Juniper CEO Kevin Johnson explained its approach as overcoming the "old network" where "the traditional approach of more boxes and more layers benefits legacy vendors, while burdening the customer with cost and complexity. Our approach is different, and it's fueled by a combination of Juniper and partner innovation at the systems, software and services levels — all designed to help IT eliminate those layers of cost and complexity, while also enhancing application and business performance."

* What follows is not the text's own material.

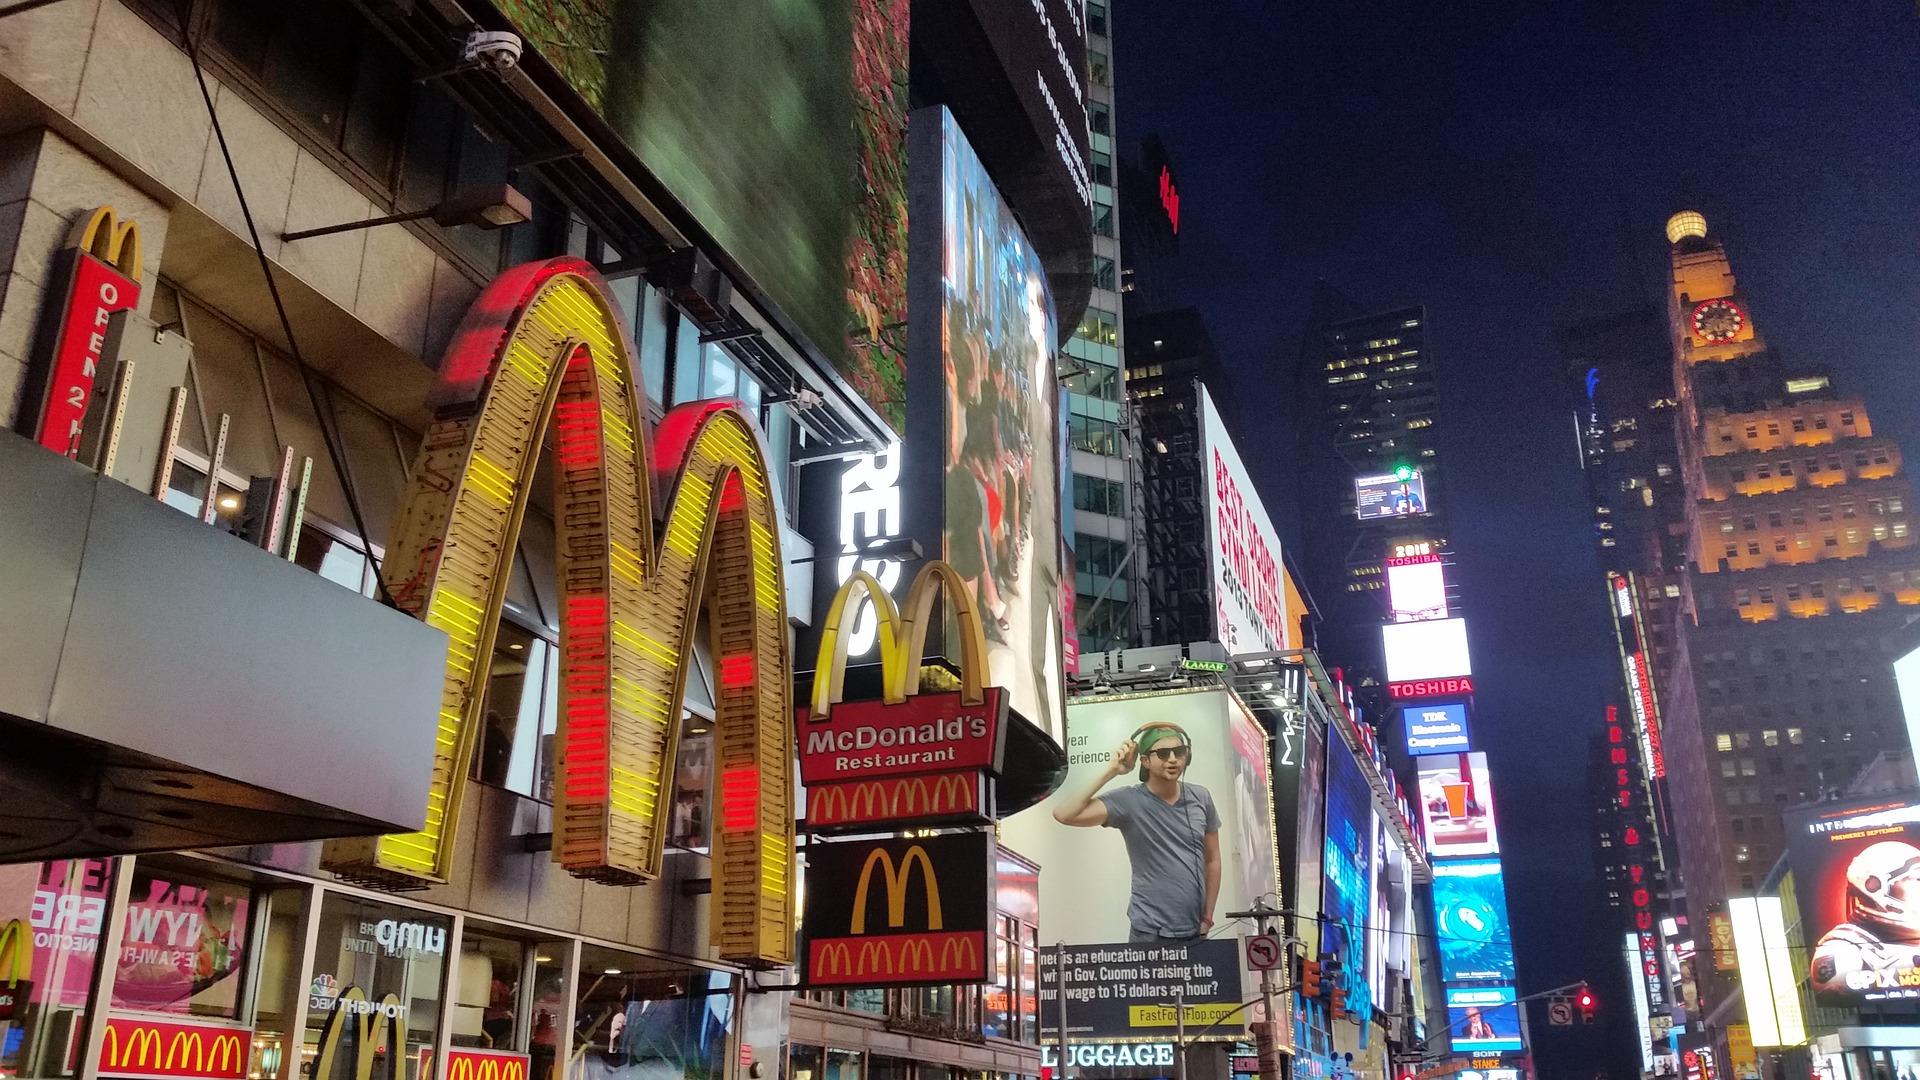 Employees as effective advertising: 2-legged billboards

A new "3-2-1" architecture was announced as an architecture to help customers flatten and simplify legacy data center networks, reducing them from three to two layers, and to a single layer in the future with Juniper's "Project Stratus" fabric.  New routers and 10 Gigabit Ethernet switches were also announced that yield up to eight-fold improvement in network performance and reduce capital expenditures by up to 35 percent.

IBM and Dell joined Juniper in supporting the open, innovative approach of the 3-2-1 vision.  Juniper announced the EX4500 Ethernet switch, EX8200-40XS line card, and MX80 3D routers.  "We've reduced our network operating costs dramatically by occupying far less rack space and consuming less power than our old gear. It's rare that you find a technology that helps you reduce cost and increase quality and scalability, while simultaneously increasing speed and agility," said Michael P. Diliberto, CIO of Priceline.com.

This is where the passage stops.